As long as one considers meet- or join-preserving functions as morphisms, this can easily be achieved through the so-called Dedekind–MacNeille completion. For this process, elements of the poset are mapped to (Dedekind-) cuts, which can then be mapped to the underlying posets of arbitrary complete lattices in much the same way as done for sets and free complete (semi-) lattices above.

The aforementioned result that free complete lattices do not exist entails that an according free construction from a poset is not possible either. This is easily seen by considering posets with a discrete order, where every element only relates to itself. These are exactly the free posets on an underlying set. Would there be a free construction of complete lattices from posets, then both constructions could be composed, which contradicts the negative result above.

== Representation ==
G. Birkhoff's book Lattice Theory contains a very useful representation method. It associates a complete lattice to any binary relation between two sets by constructing a Galois connection from the relation, which then leads to two dually isomorphic closure systems. Closure systems are intersection-closed families of sets. When ordered by the subset relation ⊆, they are complete lattices.

A special instance of Birkhoff's construction starts from an arbitrary poset (P,≤) and constructs the Galois connection from the order relation ≤ between P and itself. The resulting complete lattice is the Dedekind-MacNeille completion. When this completion is applied to a poset that already is a complete lattice, then the result is isomorphic to the original one. Thus, we immediately find that every complete lattice is represented by Birkhoff's method, up to isomorphism.

The construction is utilized in formal concept analysis, where one represents real-word data by binary relations (called formal contexts) and uses the associated complete lattices (called concept lattices) for data analysis.
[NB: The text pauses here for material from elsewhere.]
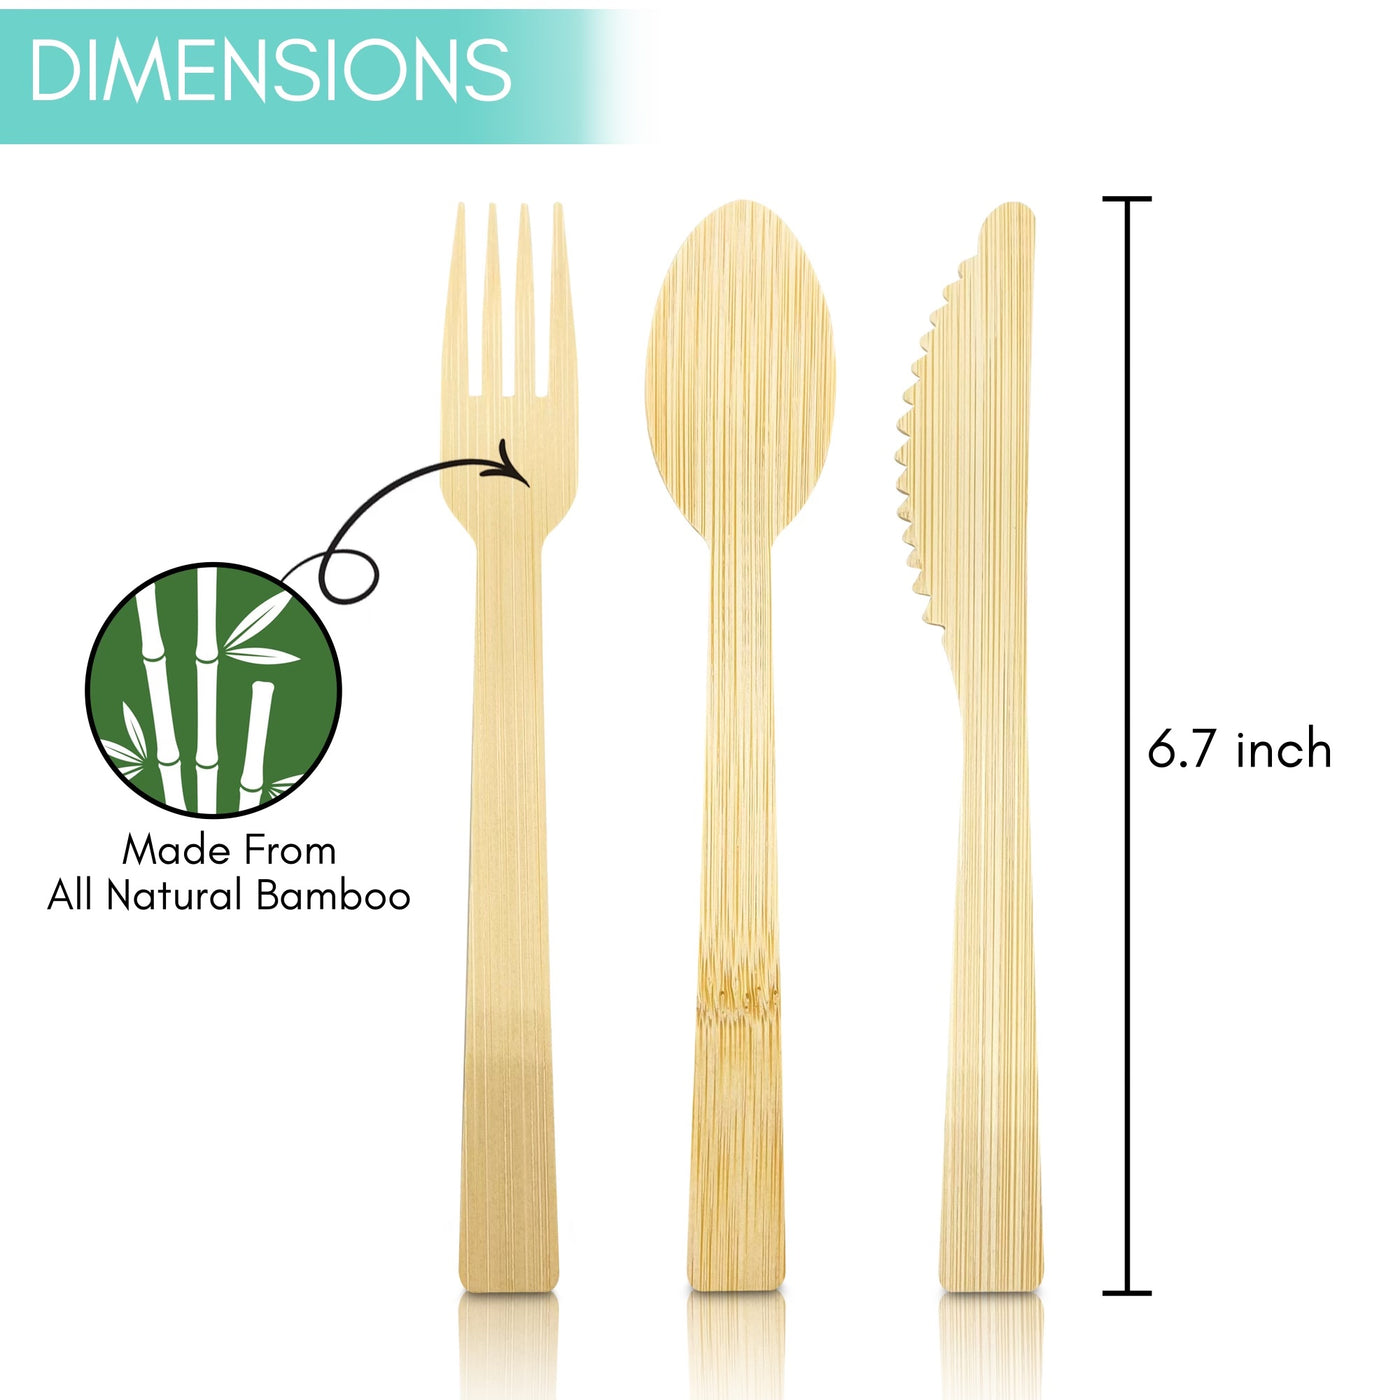 bamboo cutlery dimensions

The mathematics behind formal concept analysis therefore is the theory of complete lattices.

Another representation is obtained as follows: A subset of a complete lattice is itself a complete lattice (when ordered with the induced order) if and only if it is the image of an increasing and idempotent (but not necessarily extensive) self-map.
The identity mapping has these two properties. Thus all complete lattices occur.

== Further results ==
Besides the previous representation results, there are some other statements that can be made about complete lattices, or that take a particularly simple form in this case. An example is the Knaster–Tarski theorem, which states that the set of fixed points of a monotone function on a complete lattice is again a complete lattice. This is easily seen to be a generalization of the above observation about the images of increasing and idempotent functions.